:: DATA SEGMENT

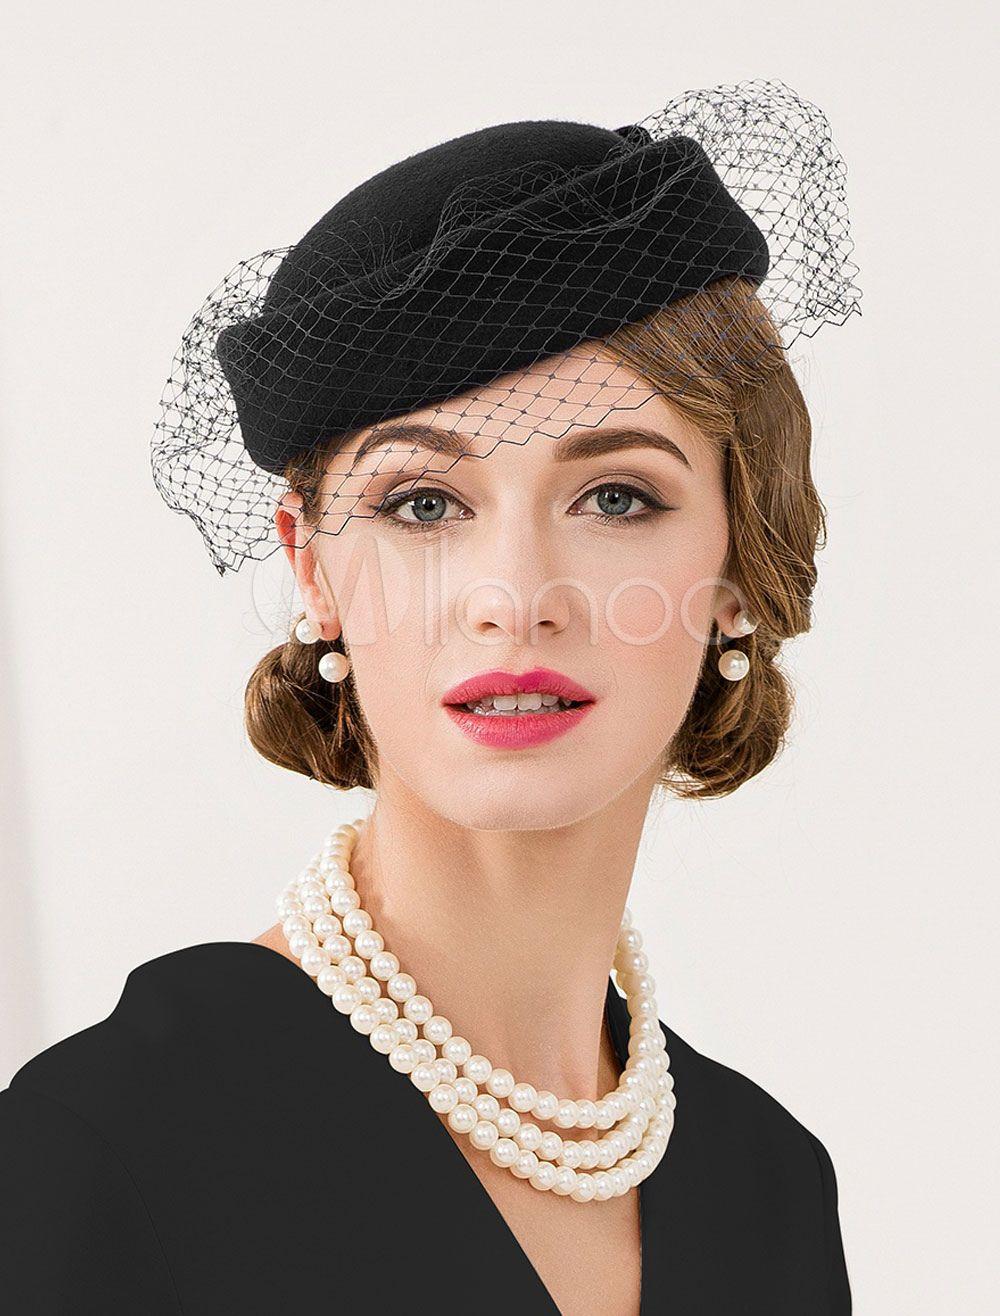 f0feb986cfb223 Vintage Wool Hat Royal Blue Bowknot Women's Flapper Fascinator Halloween -  Milanoo.com
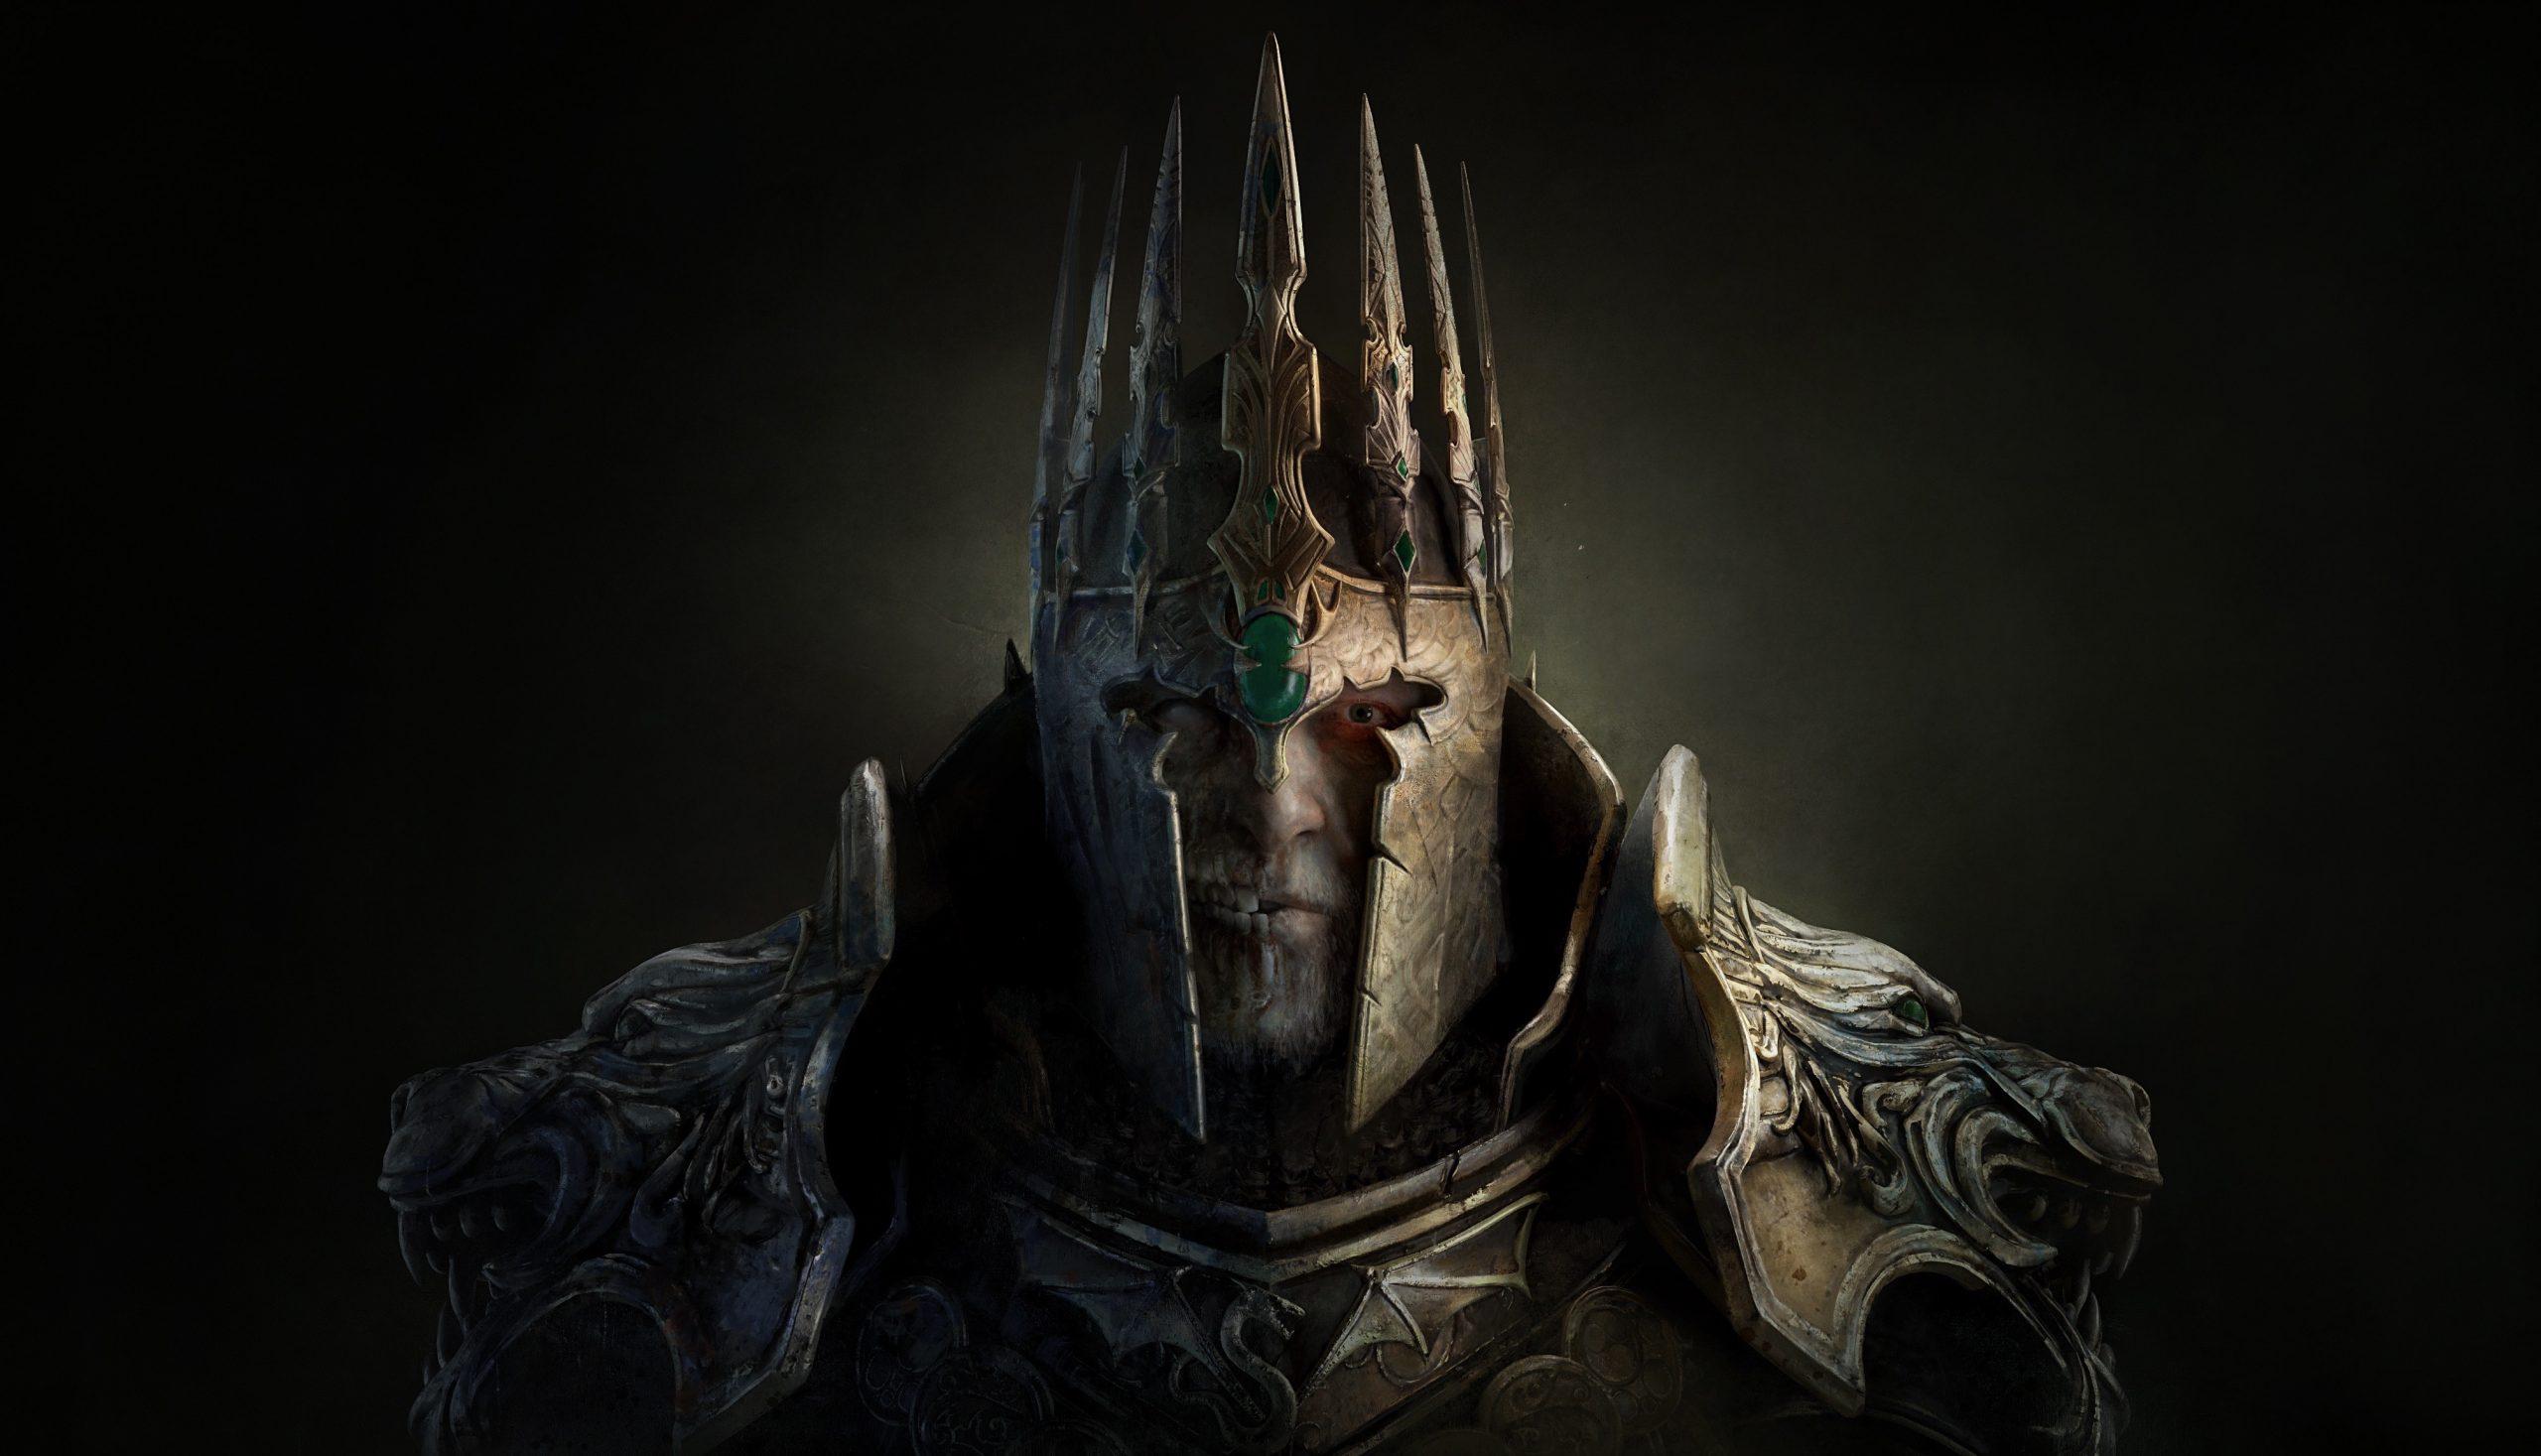 King Arthur: Knight's Tale Is A Dark Fantasy XCOM
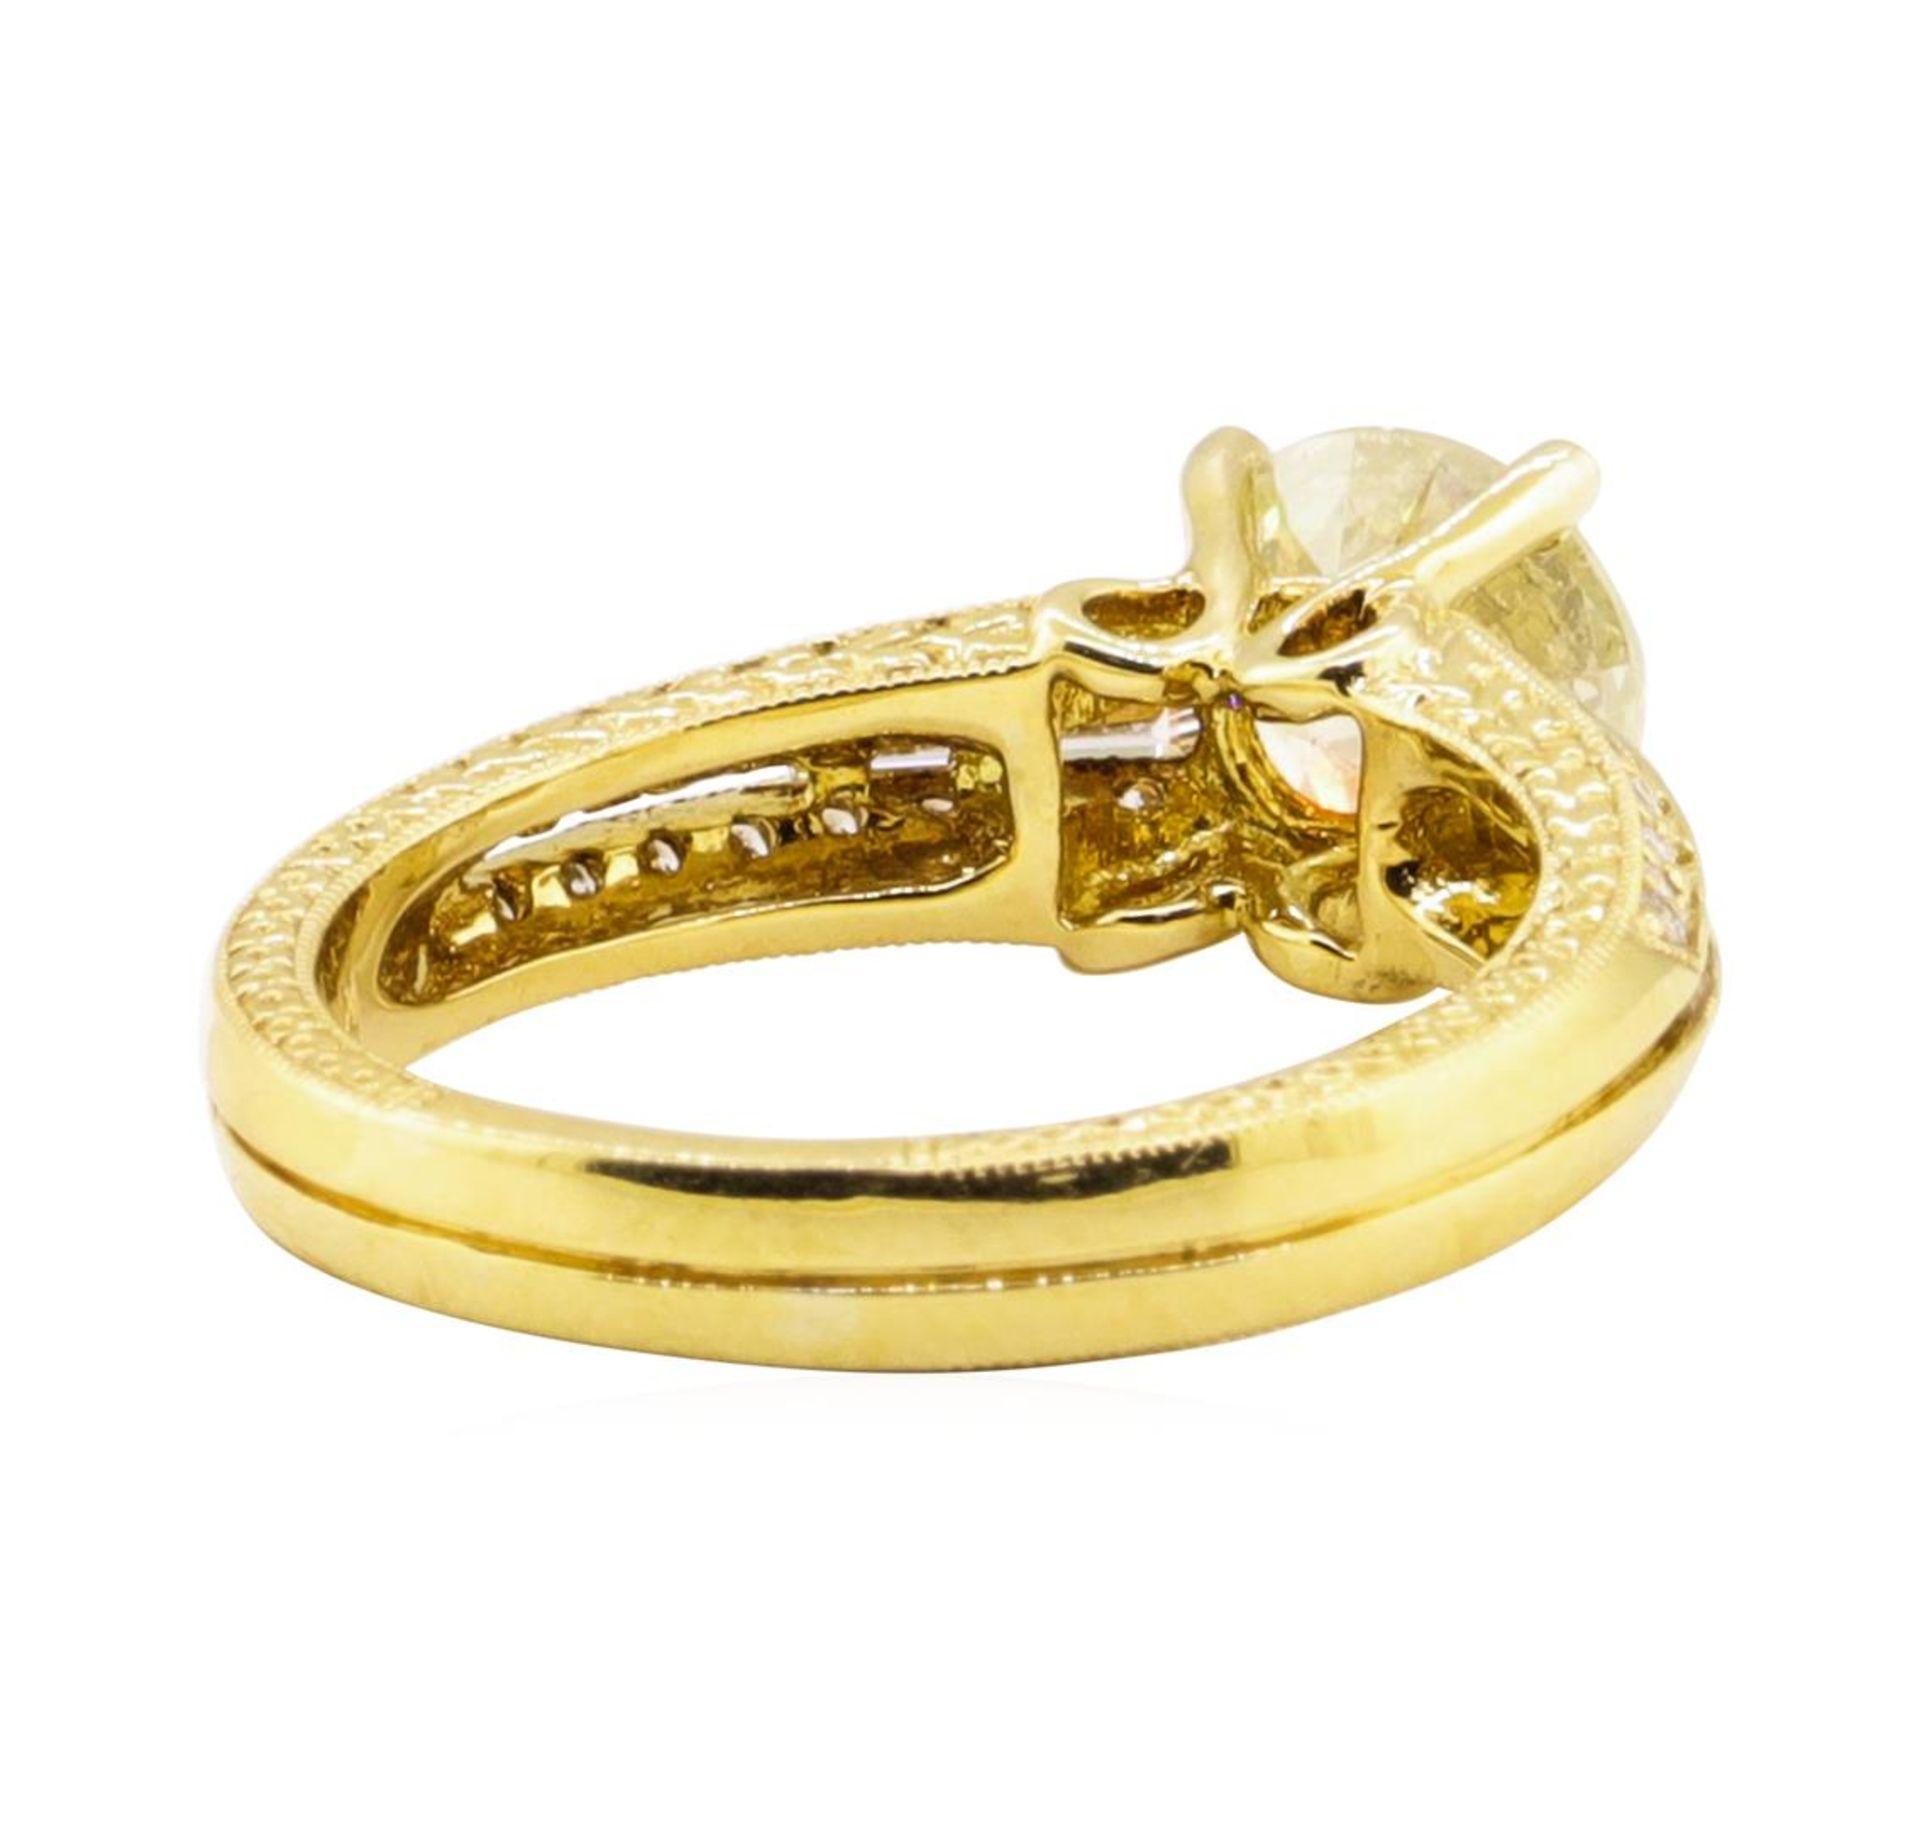 1.67ct Diamond Ring - 18KT Yellow Gold - Image 3 of 5

::::

Everything in the listing except the pictures must be reproduced exactly.

 f0feb986cfb223 Vintage Wool Hat Royal Blue Bowknot Women's Flapper Fascinator Halloween -  Milanoo.com
 King Arthur: Knight's Tale Is A Dark Fantasy XCOM
 1.67ct Diamond Ring - 18KT Yellow Gold - Image 3 of 5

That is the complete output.